## To do
With images removed, return the whole listing exactly as written.
Input data Start Marker
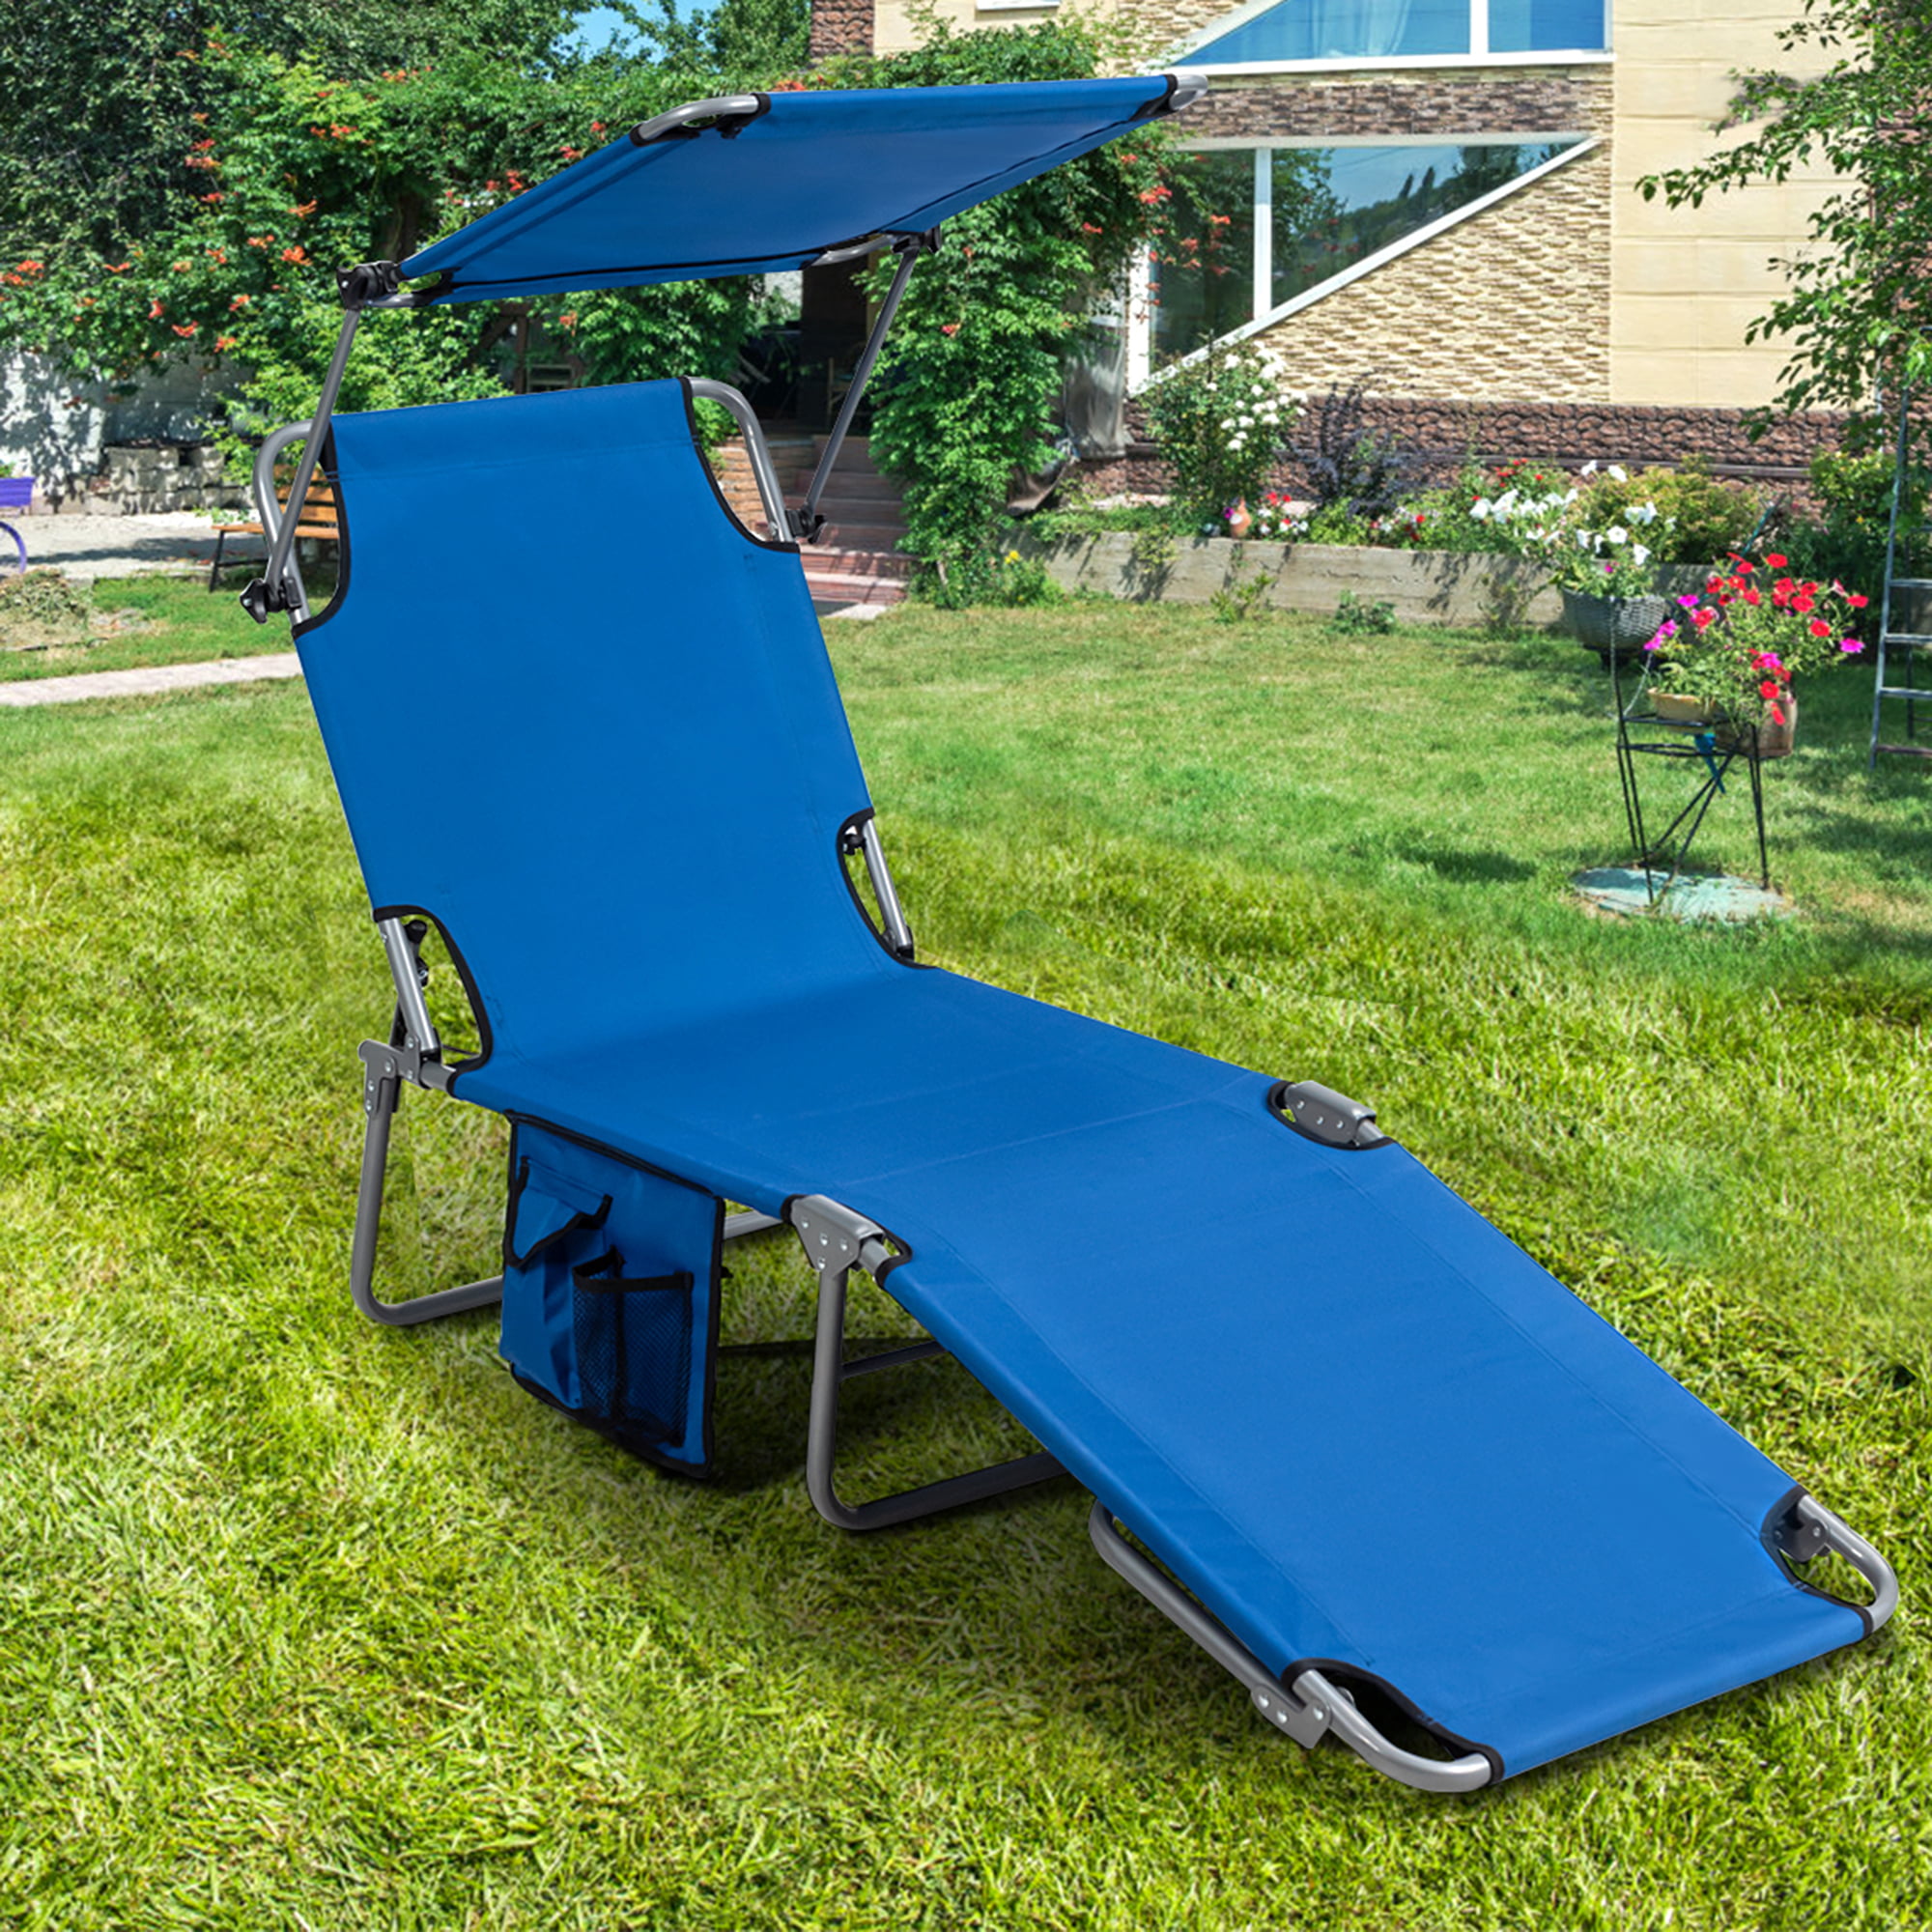 Gymax Foldable Lounge Chair Adjustable Outdoor Beach Patio
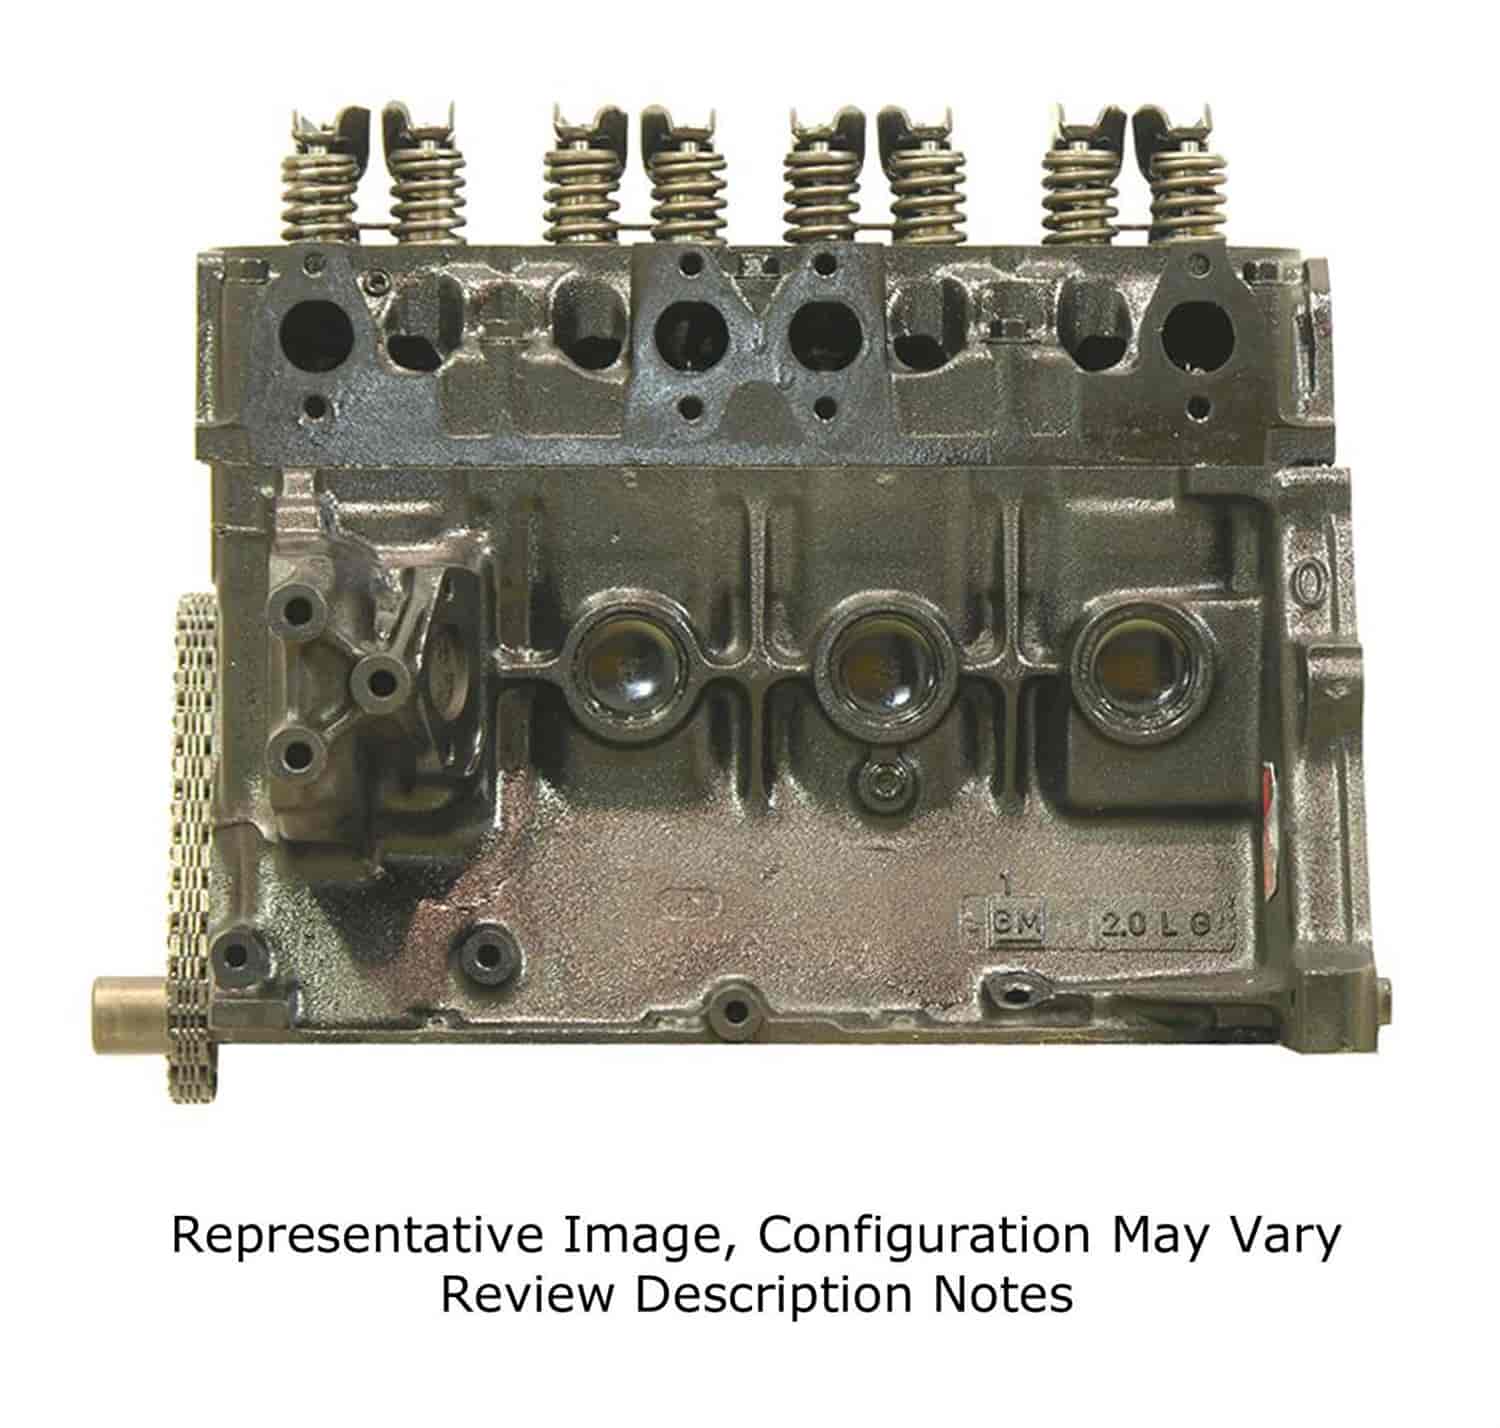 Remanufactured Crate Engine for 1984-1986 Chevy/Cadillac/Buick/Olds/Pontiac Car with 2.0L L4
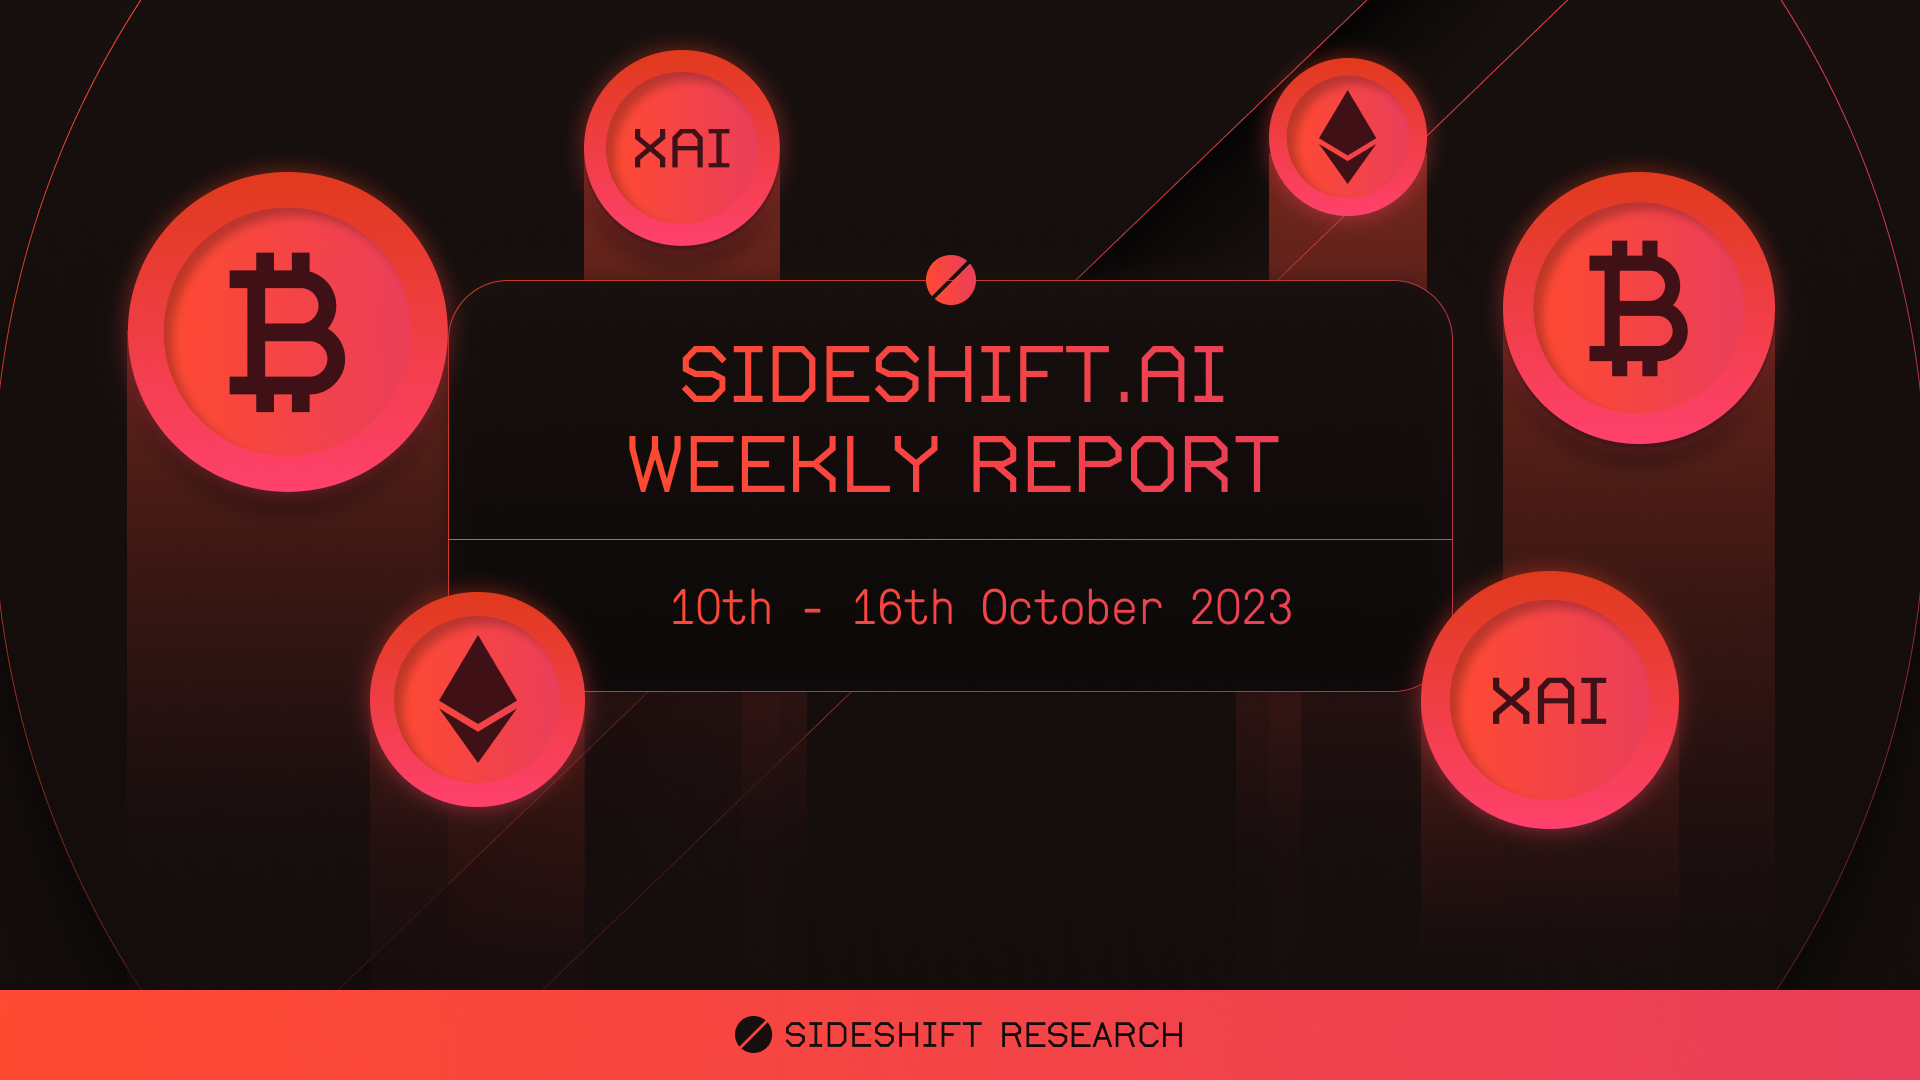 SideShift.ai Weekly Report | 10th - 16th October 2023
Input data End Marker
## Solution to this task
 Gymax Foldable Lounge Chair Adjustable Outdoor Beach Patio
 Remanufactured Crate Engine for 1984-1986 Chevy/Cadillac/Buick/Olds/Pontiac Car with 2.0L L4
 SideShift.ai Weekly Report | 10th - 16th October 2023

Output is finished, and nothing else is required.